A trustee: ‘must exercise such care and skill as is reasonable in the circumstances, having regard in particular… to any special knowledge or experience that he has or holds himself out as having…’
When trustees act as professional trustees (generally when they are paid a fee) the same section of the Trustee Act contains an enhanced duty so that: ‘If he acts as trustee in the course of a business or profession regard must be had to any special knowledge or experience that it is reasonable to expect of a person acting in the course of that kind of business or profession.’
As with all trusts, the courts have a general jurisdiction to intervene in the running of a charity in order to enforce the trustees’ duties, although, in practice, most regulation of charities is carried out by the Charity Commission.
General powers
Charity trustees must act within the investment powers conferred on them by the law and their charity’s constitution. Trustees of unincorporated charities are given very wide investment powers by the Trustee Act 2000, which (subject to any restriction in their charity’s constitution) allows such trustees to make any type of investment that they would have been able to make if they themselves were the owners of the assets involved.

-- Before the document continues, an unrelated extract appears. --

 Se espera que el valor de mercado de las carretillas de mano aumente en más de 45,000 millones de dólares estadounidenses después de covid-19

There is no equivalent statutory power for the trustees of charitable companies, but there is an equivalent broad fiduciary duty to invest prudently. Case law [1] also suggests that failure to invest surplus income may be a breach of trust.
The power of investment must be exercised in a prudent way but so as to yield the best return for the beneficiaries without undue exposure to risk. In judging the return from the investment both the prospects of income and capital appreciation have to be considered. Those using the power must set aside personal preferences and moral judgements [2].

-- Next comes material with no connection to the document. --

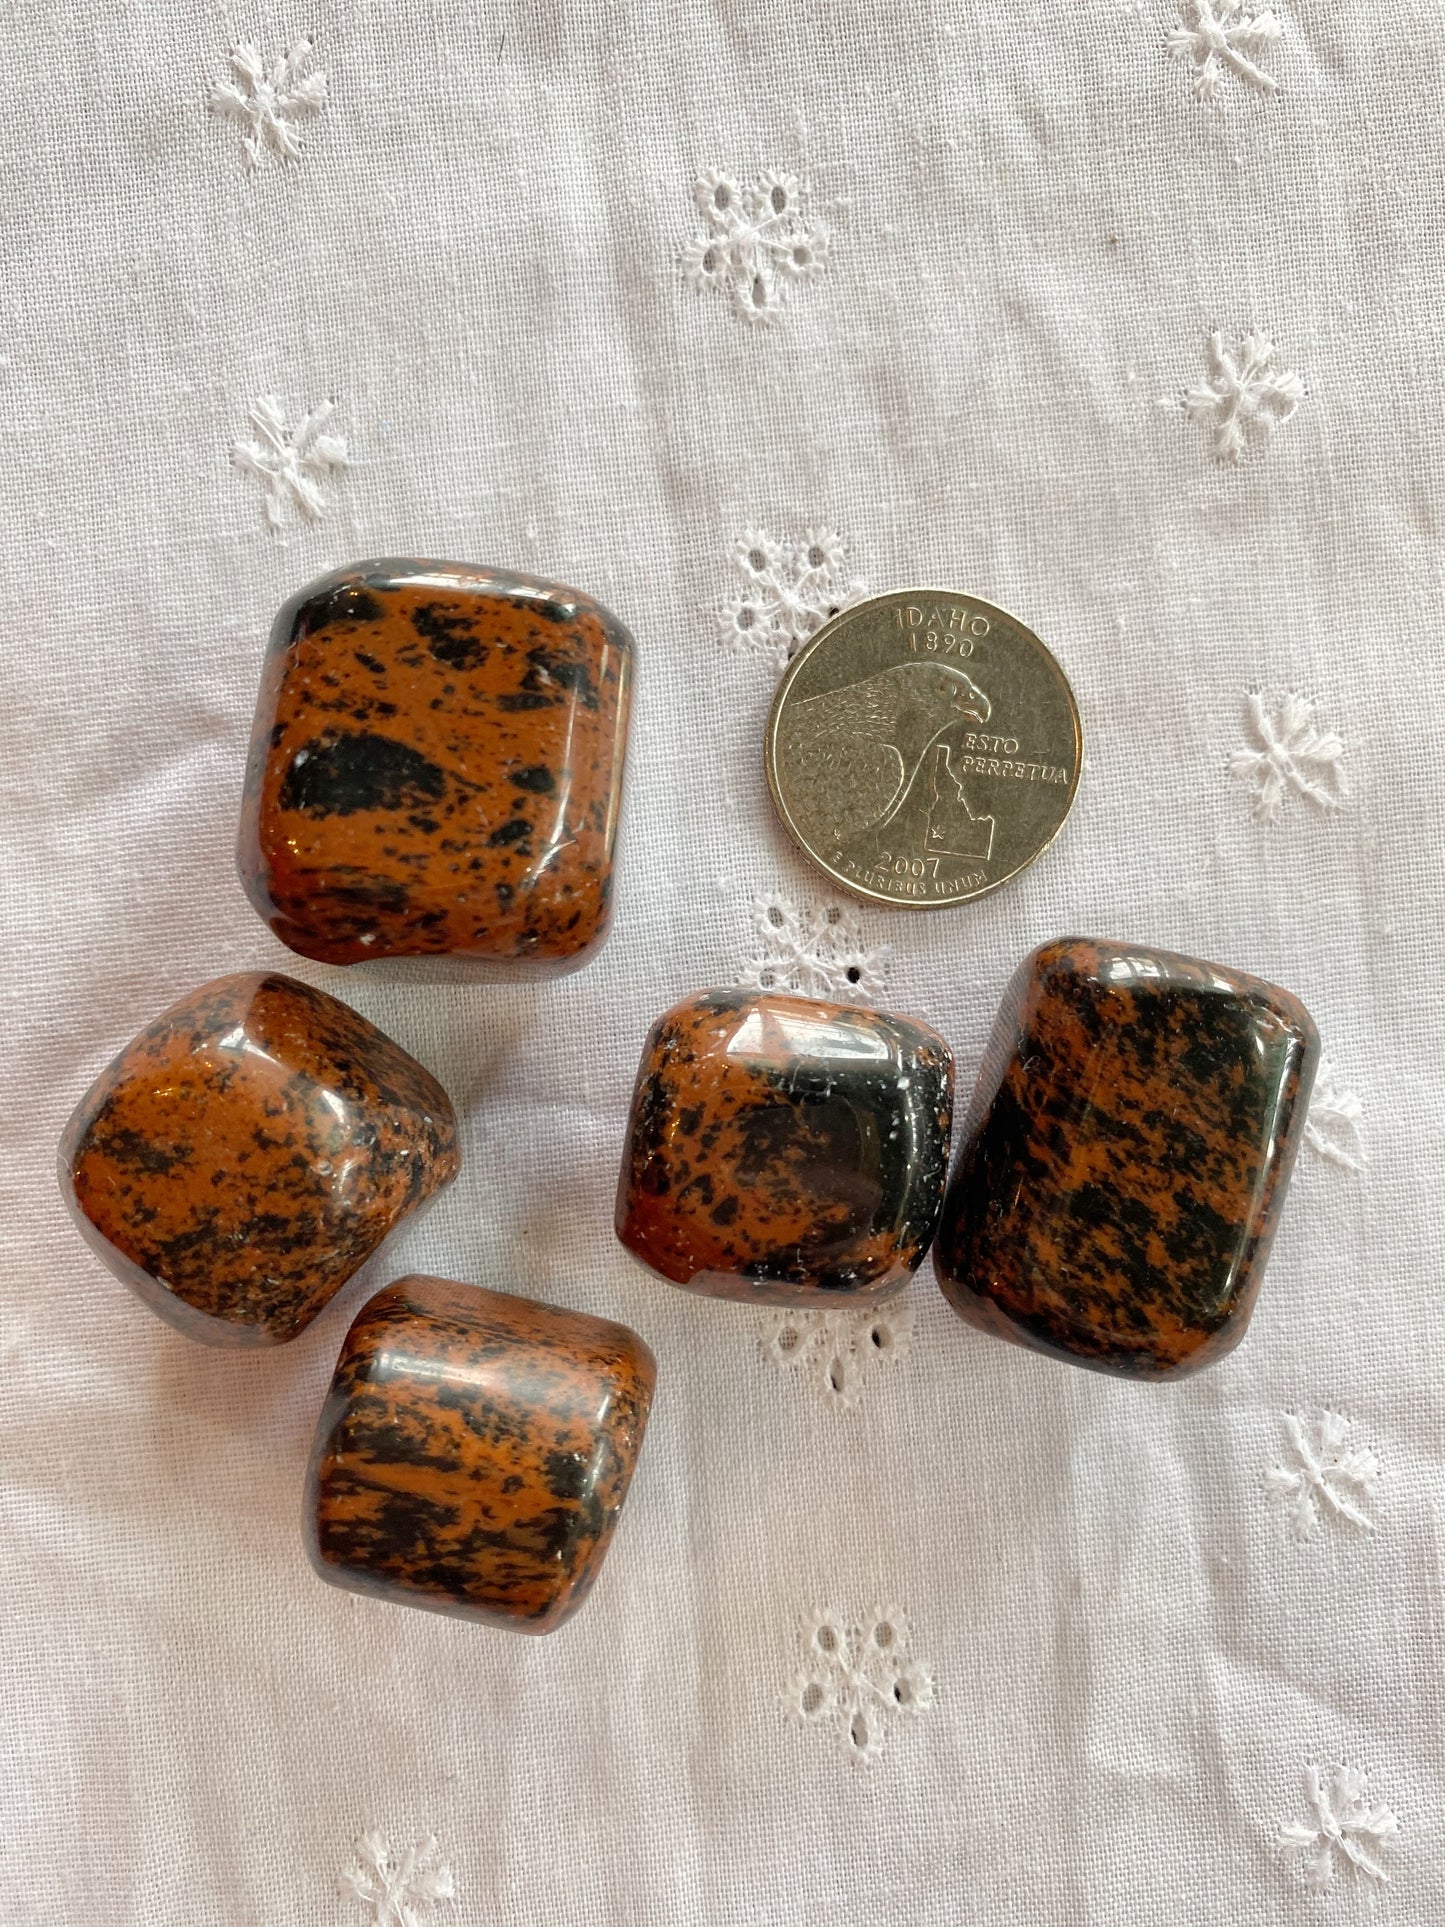 Mahogany Obsidian Tumbled Stones

In addition, the Charity Commission expects all charity trustees to comply with its own guidance set out in CC14.
The standard of care
Trustees have a duty to exercise care when exercising power of investment. The standard of care to be expected from them is that of the ‘ordinary prudent man of business‘ but remunerated trustees and trustees who possess special qualifications are expected to meet a higher standard of care than other trustees (CC14, para. 15).
Trustees must have regard to certain criteria (s.4 Trustee Act 2000). In exercising any power of investment a trustee must consider:
- the suitability of the type of investment to the charity (for example whether it is consistent with the charity’s ethos or any relevant requirements or policies it might have); and
- whether a particular type of investment is appropriate.
They must also consider the need for diversification of investments, in so far as it is appropriate to the charity. The Commission recommends that trustees should, ‘at both levels (described above), try to consider the whole range of investment options which are open to them; how far they should go here will, of course, depend on the amount of funds available for investment’ (CC14 para 15).
Advice
Unless the trustees consider it inappropriate or unnecessary to do so, a trustee must obtain and consider proper advice. ‘Proper advice’ is the advice of a person who the trustee reasonably believes to be qualified to give it by his ability in and practical experience of financial and other matters relating to the proposed investment (s.5 Trustee Act 2000).
Other duties
Related duties include the duty to
- assess risks;
- keep appropriate reserves;
- ensure grants awarded by trustees are properly spent; and
- the duty to keep investments under review.
In addition, specific duties may be imposed by the constitution of the charity and other agreements by which trustees choose to be bound, including agreements with donors which may, for example, specify how funds should
be spent.
Delegation
There are also limits to the extent to which trustees can delegate responsibility for financial, investment, accounting and reporting activities. While it is of course common practice for charities to delegate investment to (in particular) investment managers, charities doing so must:
- formally agree written terms of service;
- agree an investment policy (a ‘policy statement’) to set out what investments are permitted and what level of risk is acceptable; and
- regularly review the investmentperformance.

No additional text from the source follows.